This is something which is pretty well discussed in chapter 8 of John Fox's book, Applied Regression Analysis and Generalized Linear Models, or Weisberg's Applied Linear Regression. Both emphasize that your question is related to Nelder's (1977) principle of marginality.
From this last book for example:
The approach to testing we adopt in this book follows from the marginality
principle suggested by Nelder (1977). A lower-order term, such as the A main
effect, is never tested in models that include any of its higher-order relatives
like A:B, A:C, or A:B:C. [...]
An analysis of variance table derived under the marginality principle has
the unfortunate name of Type II analysis of variance. [...]
Type III analysis of variance violates the marginality principle. It computes the test for every regressor adjusted for every other regressor; so,
for example, the test for the A main effect would include the interactions
A:B, A:C, and A:B:C.
The key point is that, with "type II" ANOVA, the $F$-tests based on the sum of squares used in this decomposition are valid (i.e., do really test main effects) only when interaction is absent.
Type III ANOVA allows for testing main effects in all cases, but do ask a different research question, and should not be used carelessly.

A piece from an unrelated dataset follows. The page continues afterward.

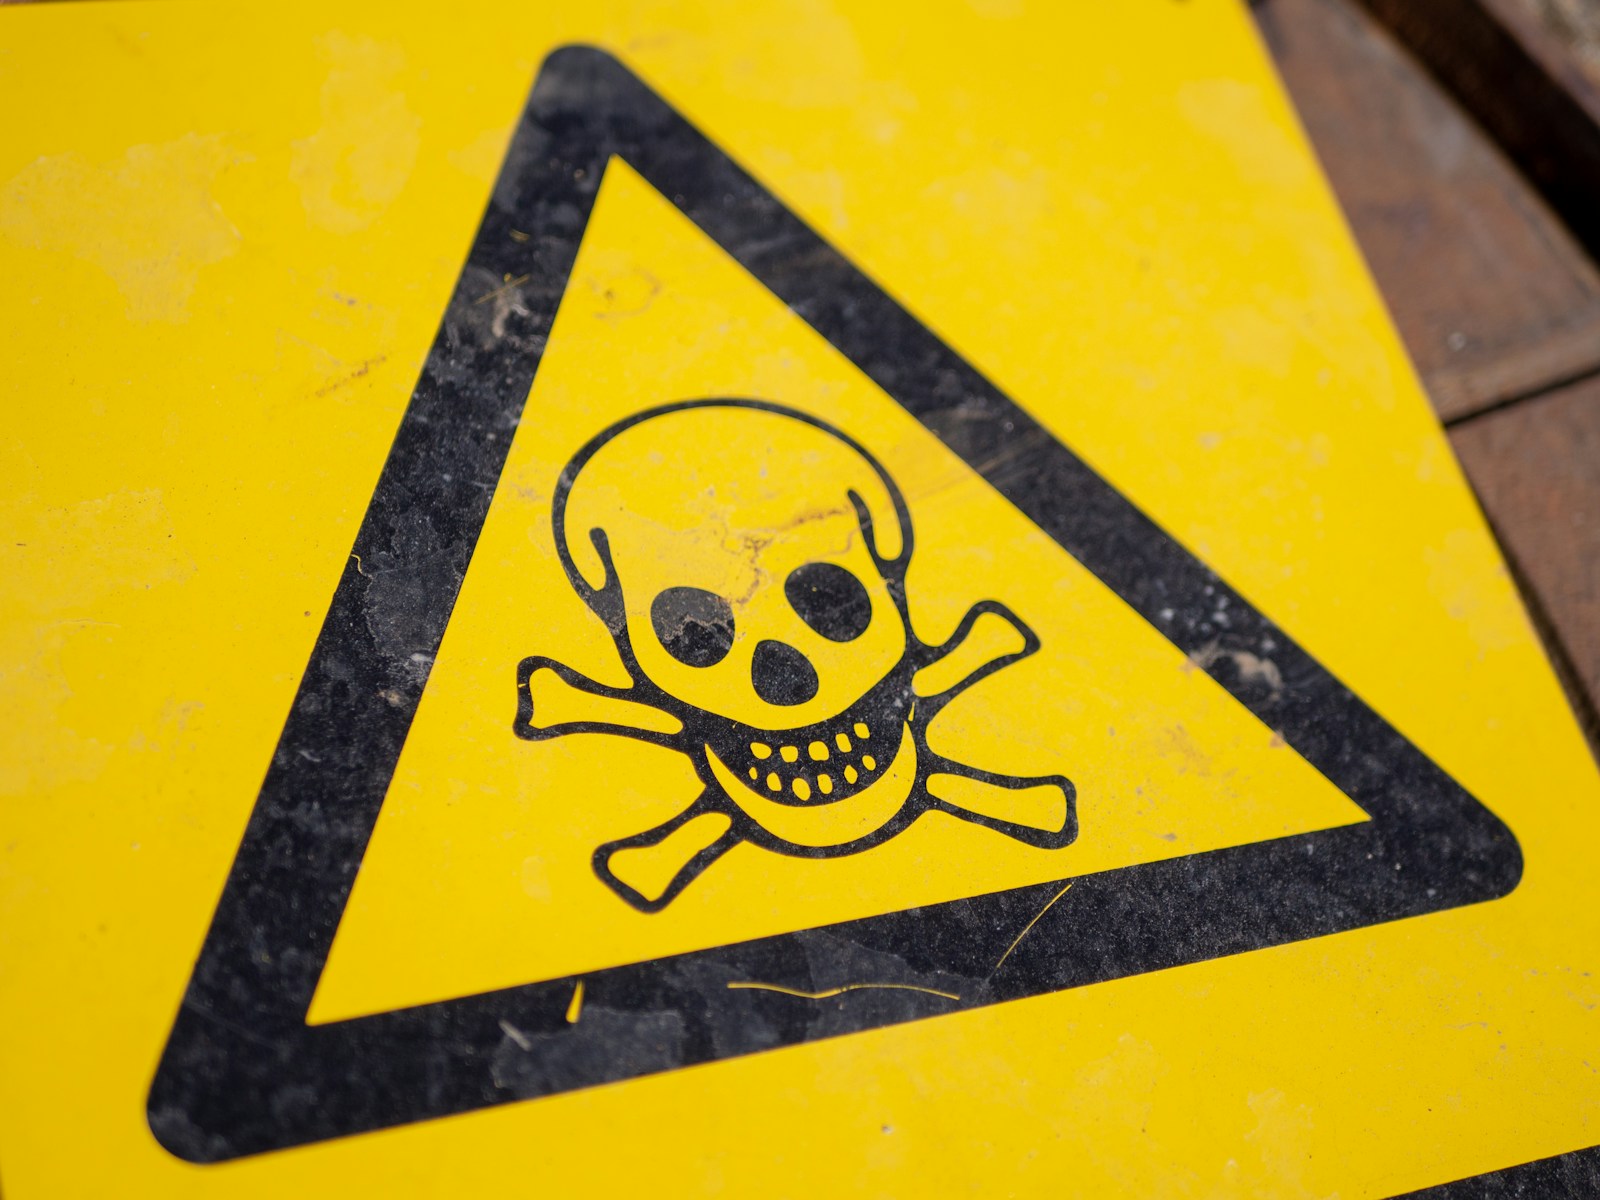 How to Watch Out for Poisons in Your Home - Tips from your local Cloverdale Real Estate Specialists

As an intuitive answer however, the idea of non interpreting main effects when interaction terms are significant could be the following: if A:B is significant, then both A and B do play an important role in the process. Furthermore, in many instances where we can observe complex interaction patterns, asking for main effects of A and B can be simply meaningless, since the expression of A depends too much on the expression of B. (For example, let's imagine a fertilizer that would increase yields only on very wet soils, but that would drastically decrease yields on dry soils. There would be a strong interaction fertilizer:irrigation, but it would be tricky to talk about the "main effect" of this fertilizer: this simply depends too much on watering.)